* _MATERIAL FOR THE TASK_:
□ □ □ □ □ □ □

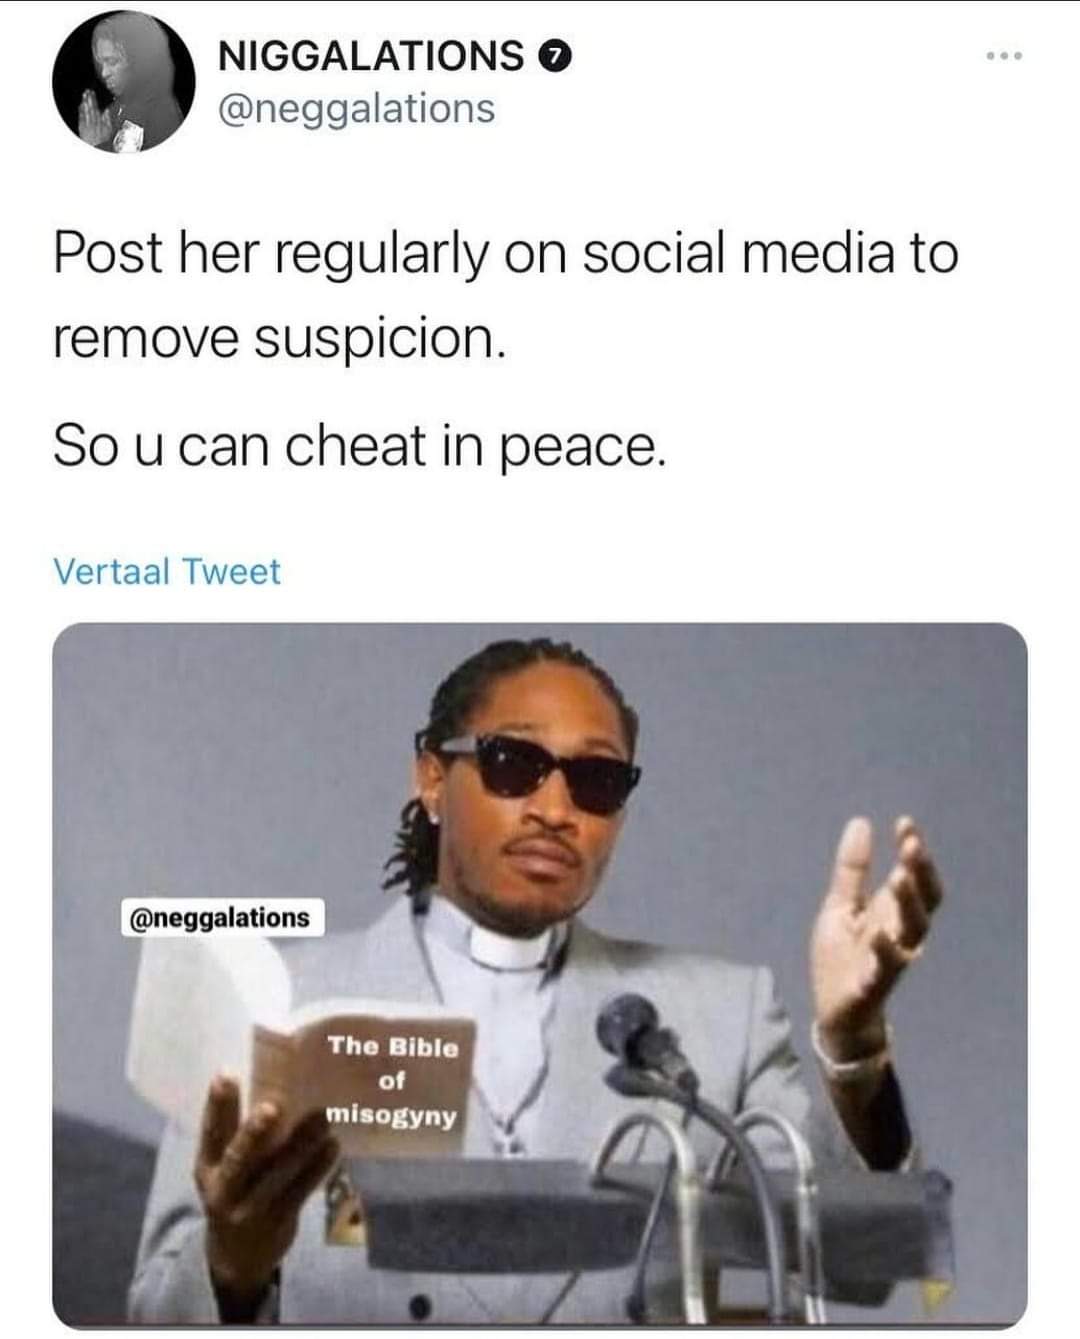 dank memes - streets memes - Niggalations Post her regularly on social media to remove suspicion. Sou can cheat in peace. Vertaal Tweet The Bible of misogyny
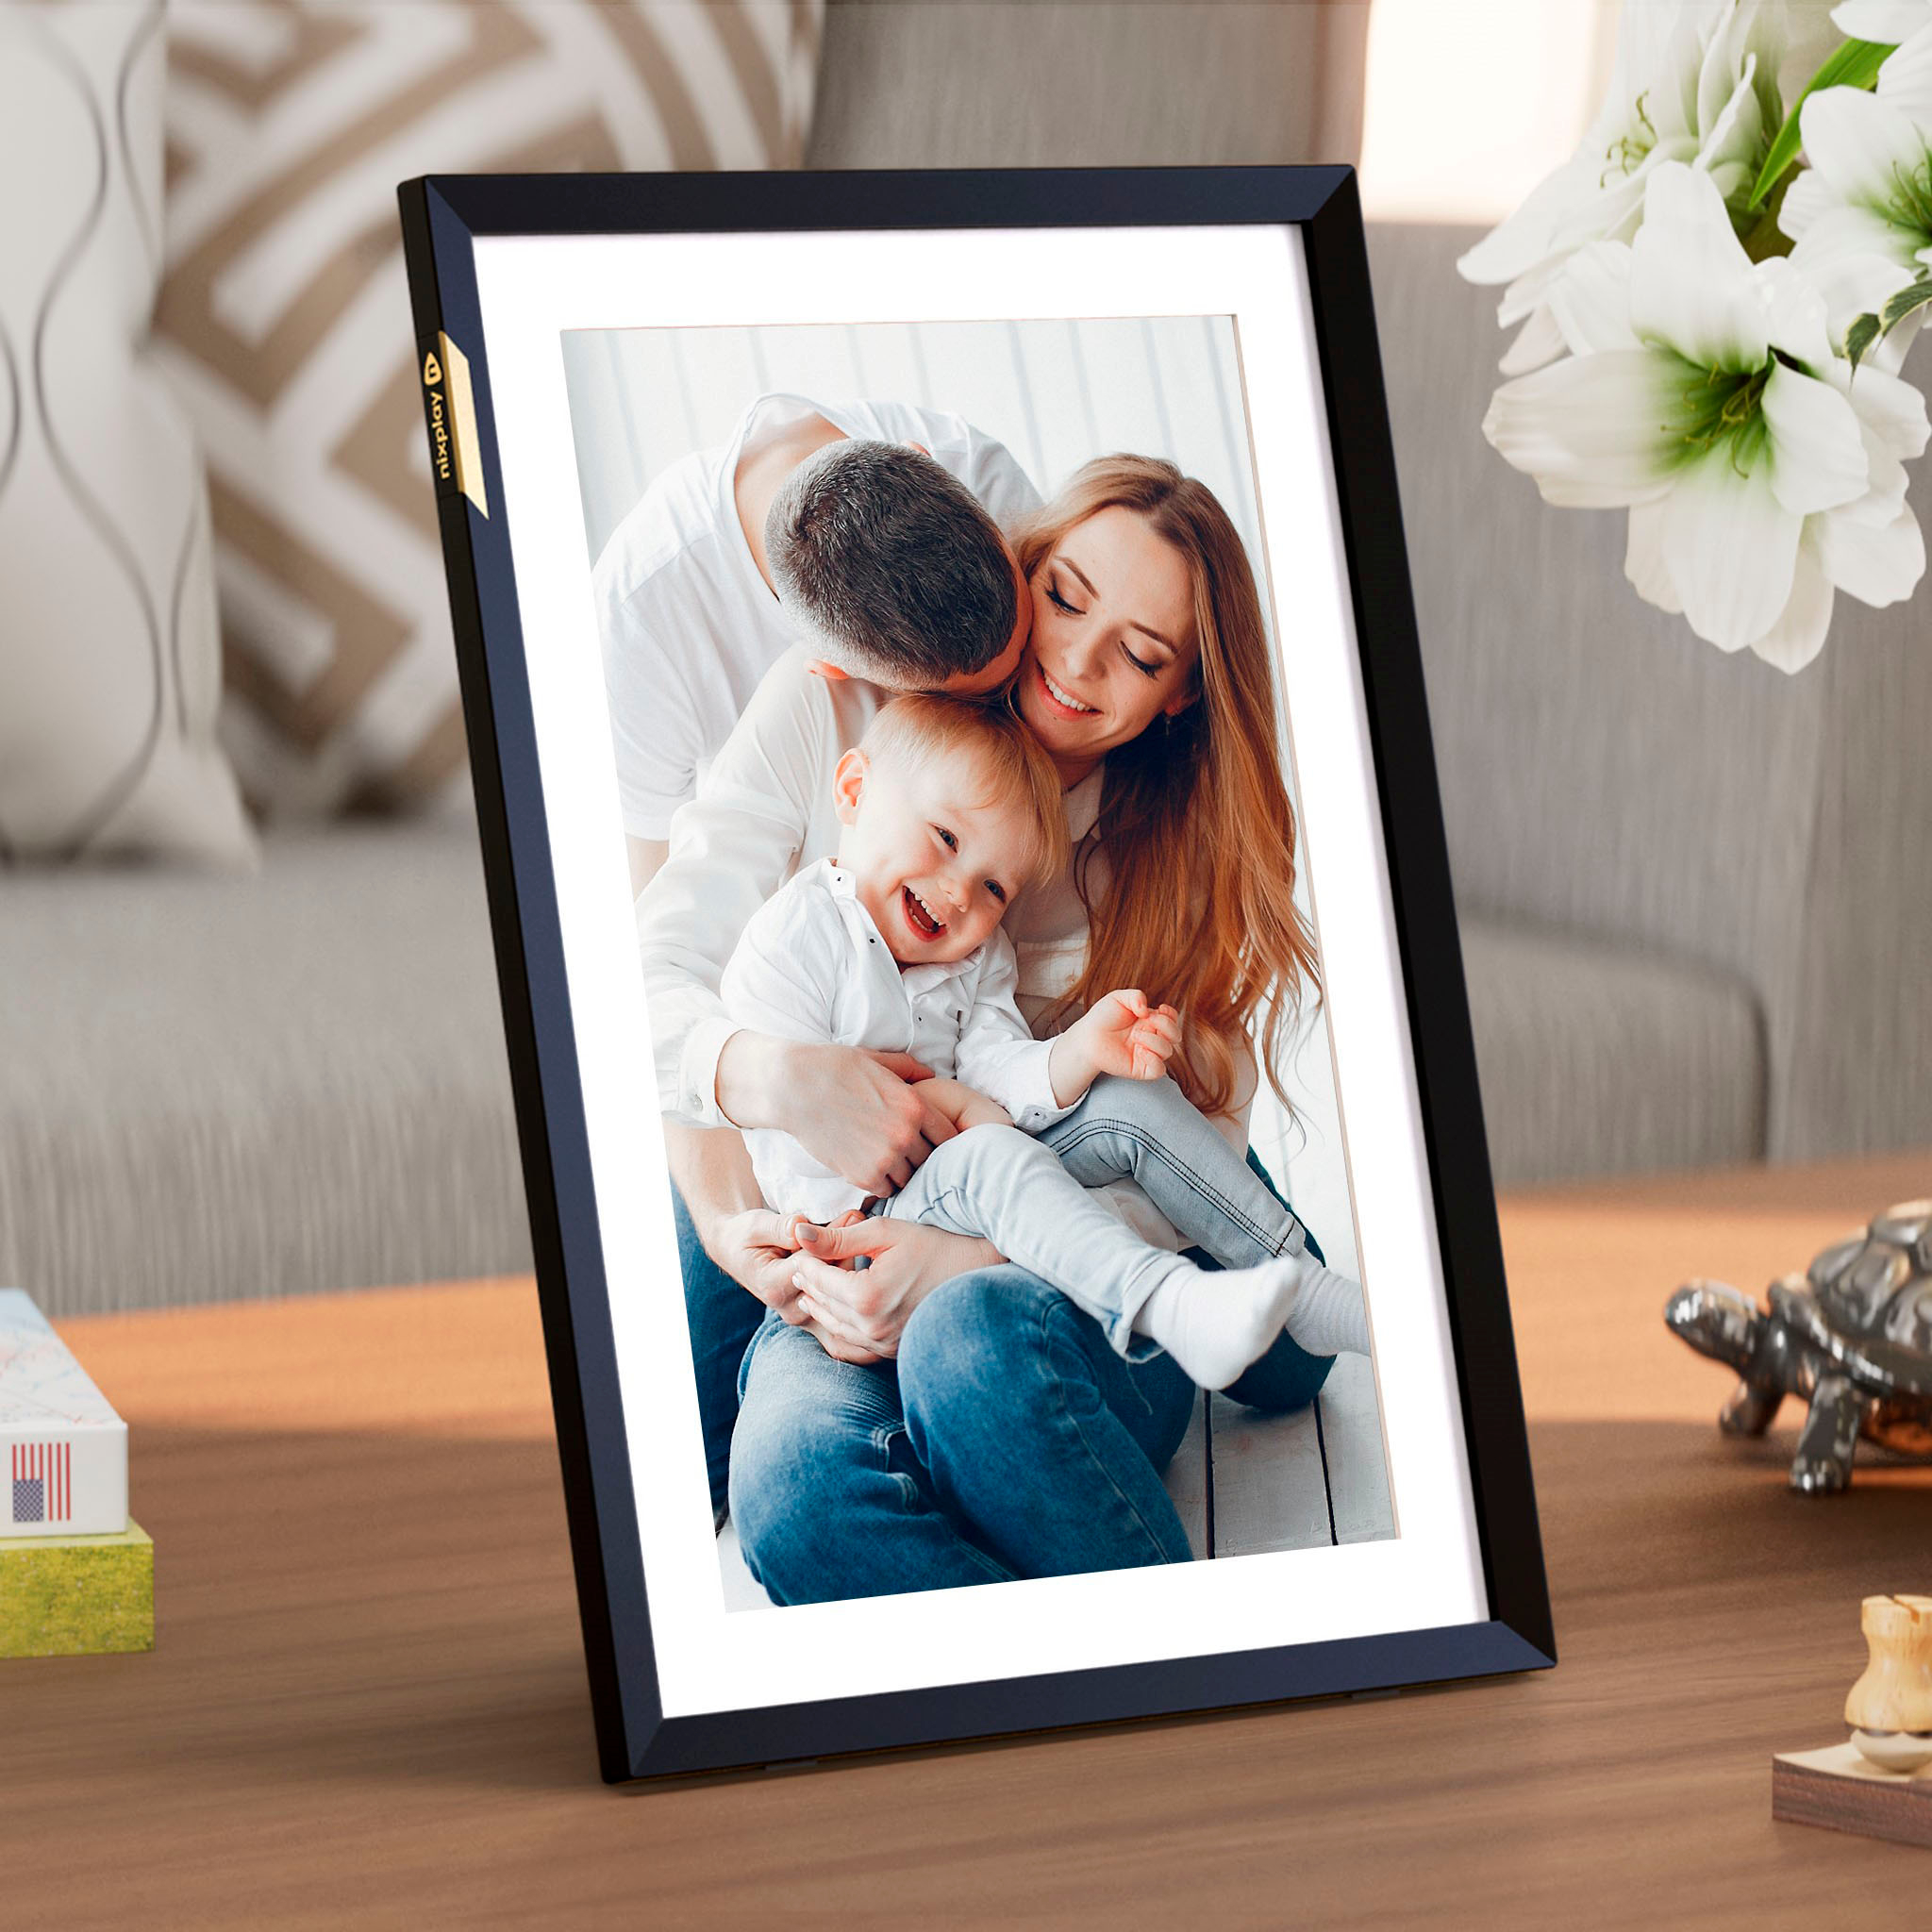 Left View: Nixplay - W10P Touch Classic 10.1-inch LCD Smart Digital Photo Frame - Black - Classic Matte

□ □ □ □ □ □ □

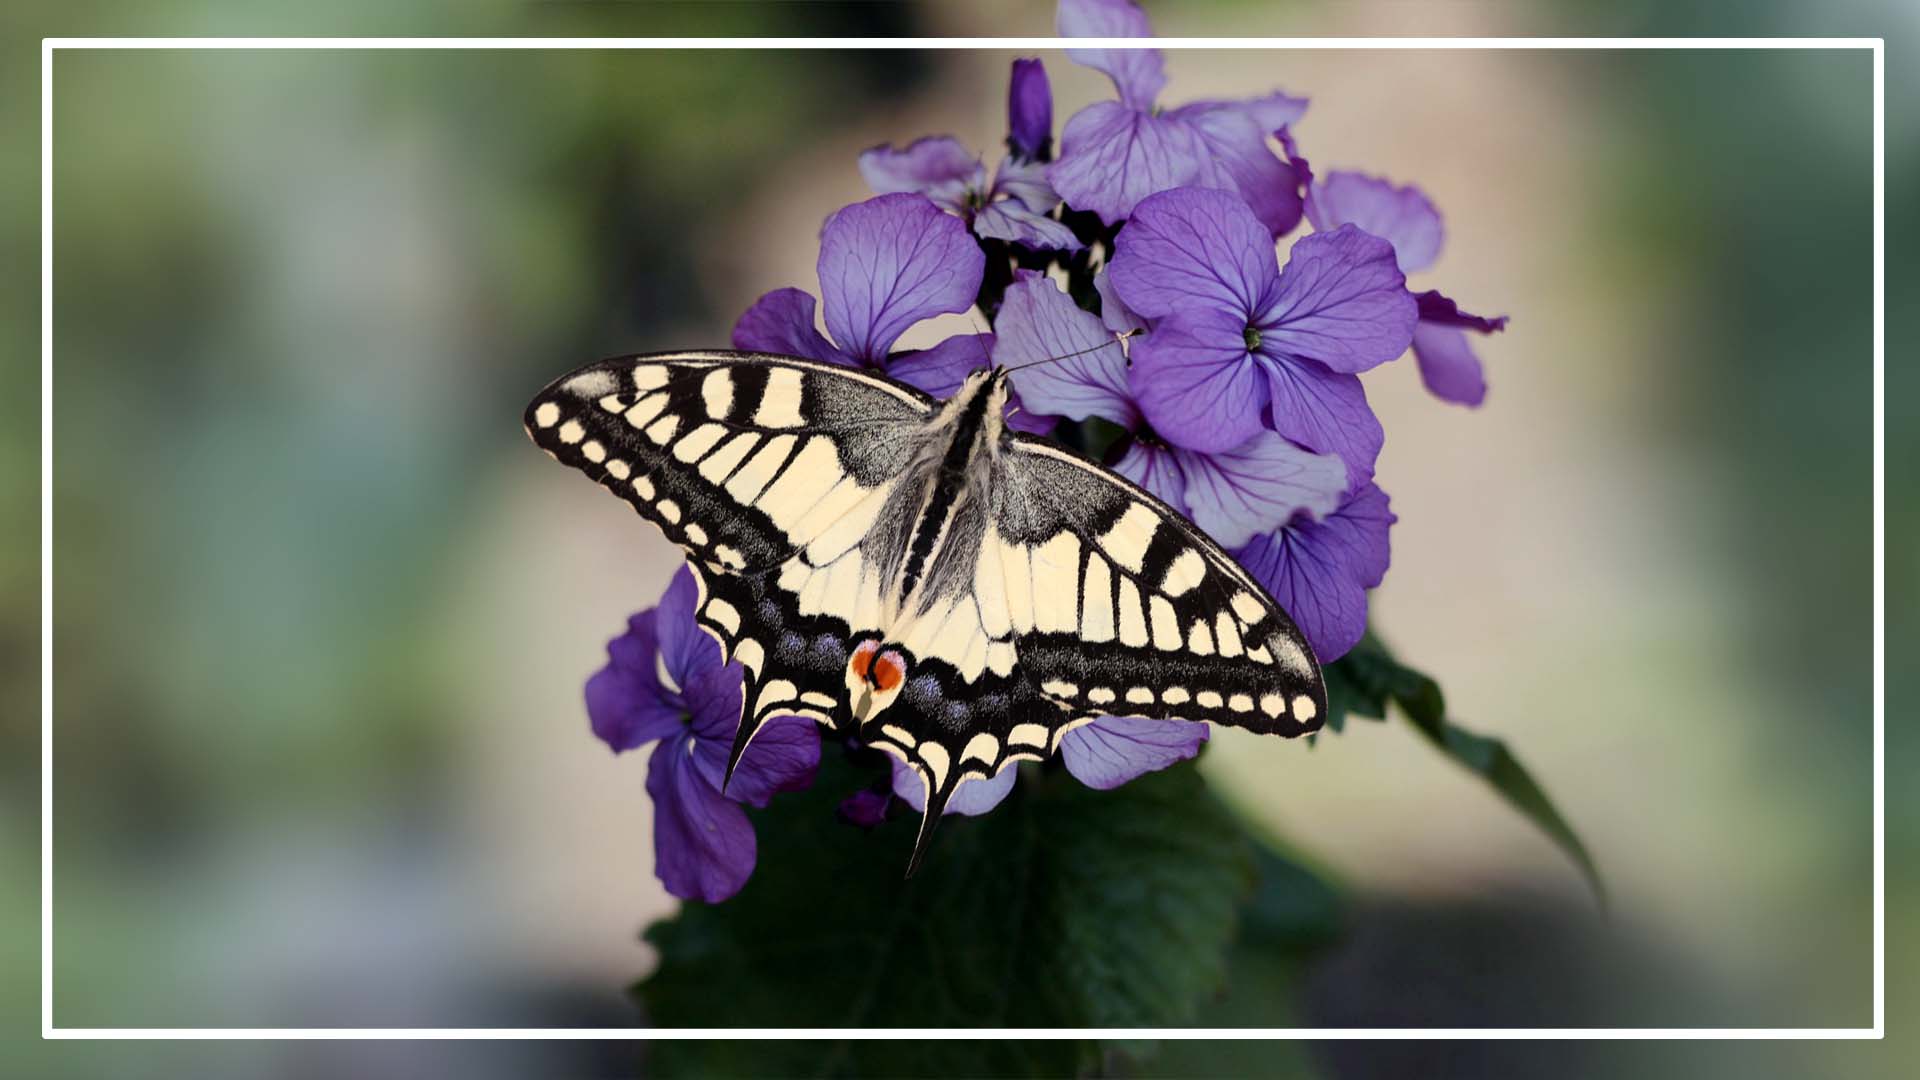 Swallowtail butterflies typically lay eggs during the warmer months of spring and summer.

□ □ □ □ □ □ □

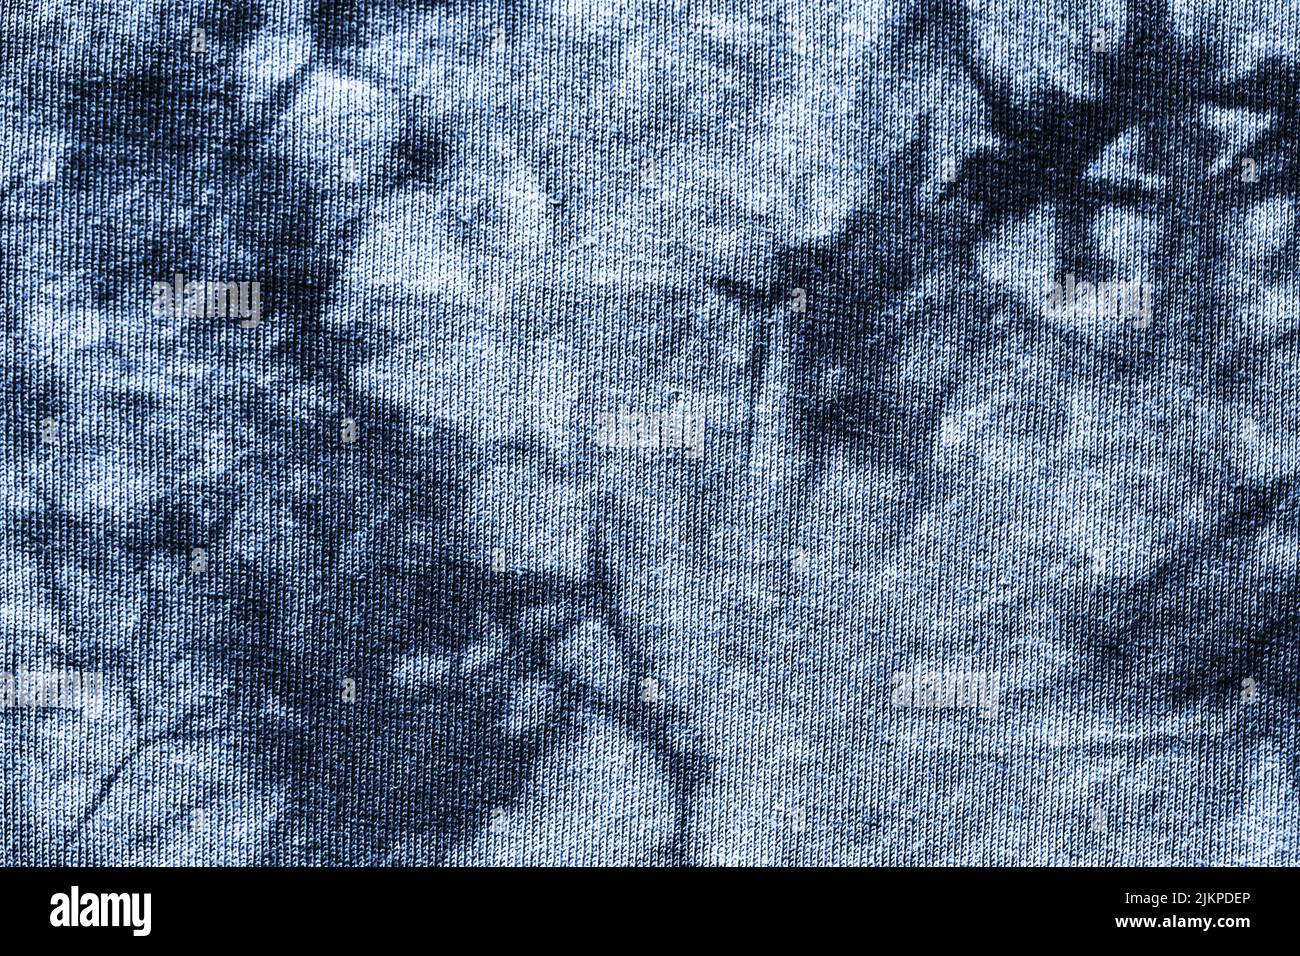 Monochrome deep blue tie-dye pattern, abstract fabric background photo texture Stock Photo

□ □ □ □ □ □ □

* _YOUR ASSIGNMENT_: Look above for the line with "dank memes - streets" and the line with "Left View: Nixplay", then restate exactly those two lines and all lines between them, with no pictures.

* _SOLUTION TO THE PROBLEM_:
 dank memes - streets memes - Niggalations Post her regularly on social media to remove suspicion. Sou can cheat in peace. Vertaal Tweet The Bible of misogyny
 Left View: Nixplay - W10P Touch Classic 10.1-inch LCD Smart Digital Photo Frame - Black - Classic Matte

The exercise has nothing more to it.